Ok so this question states this:

A 30 g sample of water at 280 K is mixed with 50 g of water at 330 K. Calculate final temperature:

So one way is to use q = -q, which is 30g*s(T_f-280K) = -50g*s(T_f-330K) where s is the specific heat of water (but it doesn't matter). The answer is 311 K. HOWEVER, if I do it using an "average" or

( 30.0 g * 280 K + 50.0 g * 330 K ) / 80.0 g

The answer is still 311 K. BUT HOW??? Does the unit of gram-Kelvin (g * K ) make any sense? Is mass times temperature = energy (since specific heat is measured in J/g*K)?

Answers are kindly appreciated

[Borek]

q=-q and average are mathematically equivalent - the latter can be derived from the former.

Solve q=-q for T_f and you will see (specific heat cancels out)

No idea where you see gK units - in the nominator?
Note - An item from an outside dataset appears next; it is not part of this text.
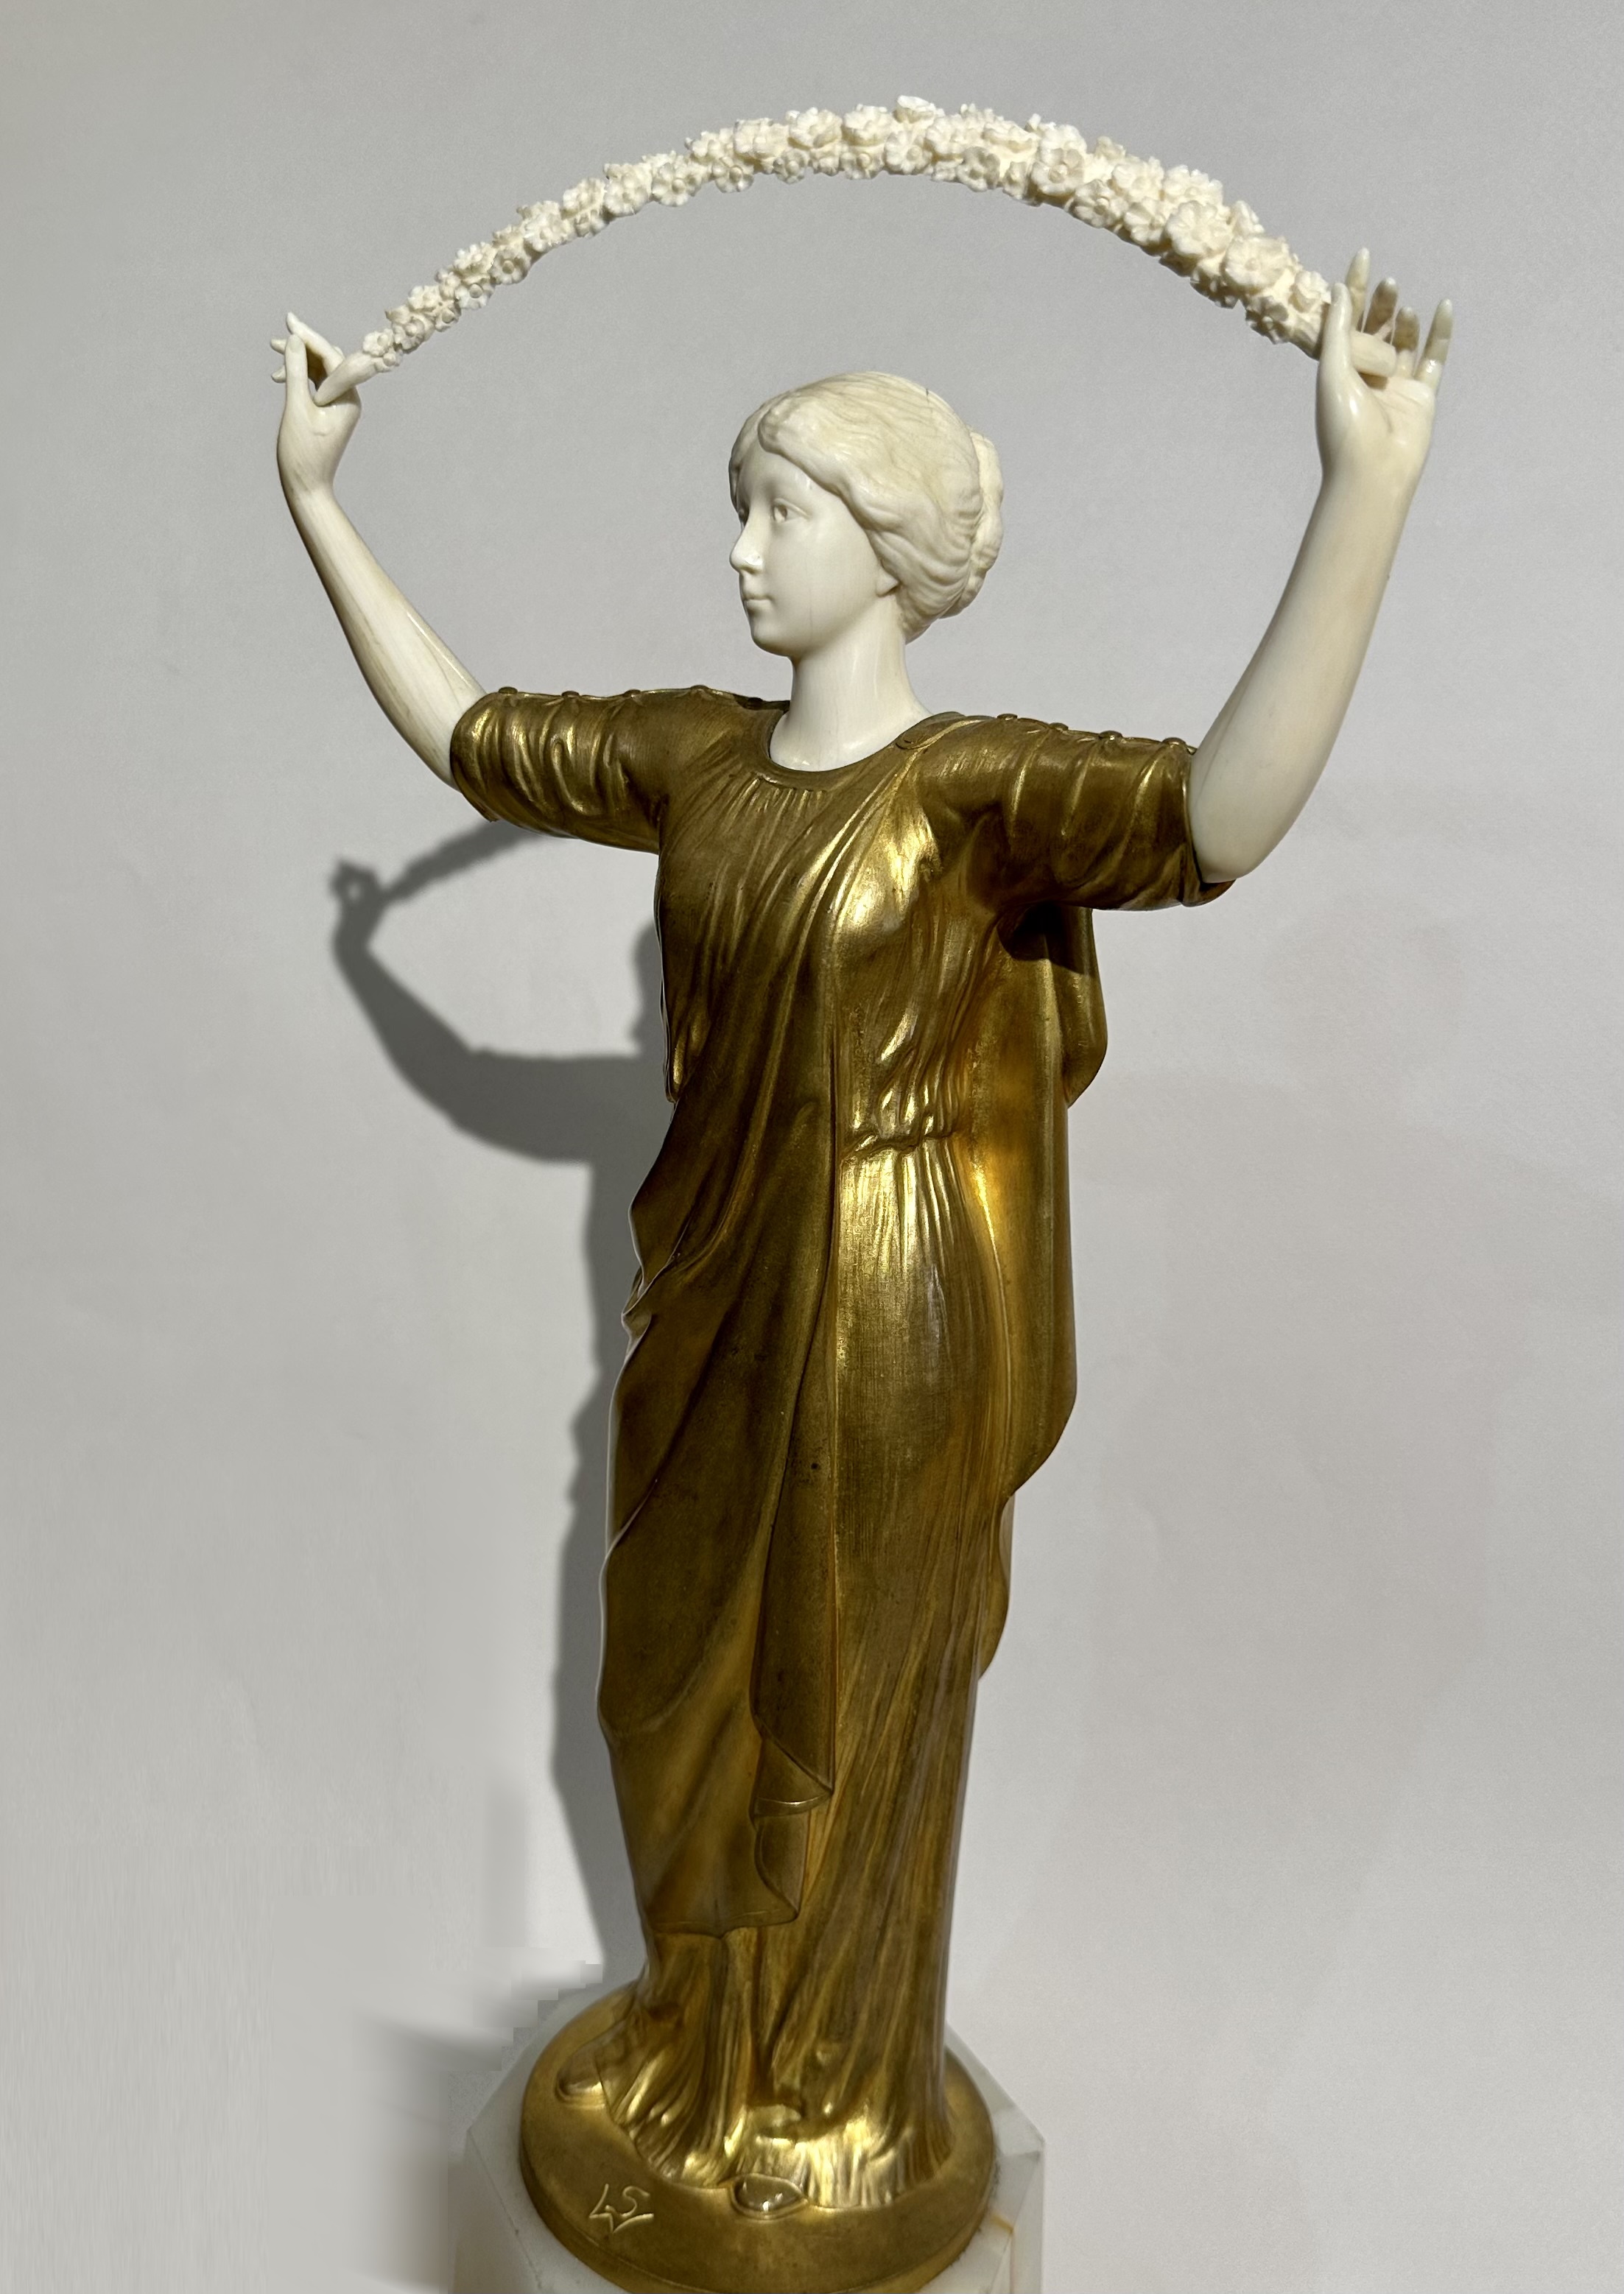 Скульптура "Девушка с гирляндой", Германия, завод "Гладенбека», 1900-е гг.

Look at the whole equation, not at parts.

[Foobarz]

Yeah you find the g*K units in the numerator, since when you simplify all the numbers you get (g*K) / g = K, so thats why the answer is in K. I know the specific heats cancel out. so in other words

30.0g (4.184 J/g*K)*280K + 50.0g (4.184 J/g*K)*330K = 1
                                   80.0g (4.184 J/g*K)* y

where y is the final temperature

For the left hand side to equal 1, the numerator and denominator must be equal. I think that this way of solving the question is trying to say that g*K is the absolute energy of the two waters combined and then divide the energy (g*K) by the mass (g) to get temperature (K). But I thought it was impossible to find the absolute energy? Or is the 280K and 330K in the numerator mean a change in temperature of +280K and +330K from a reference point of 0K? Can you do that?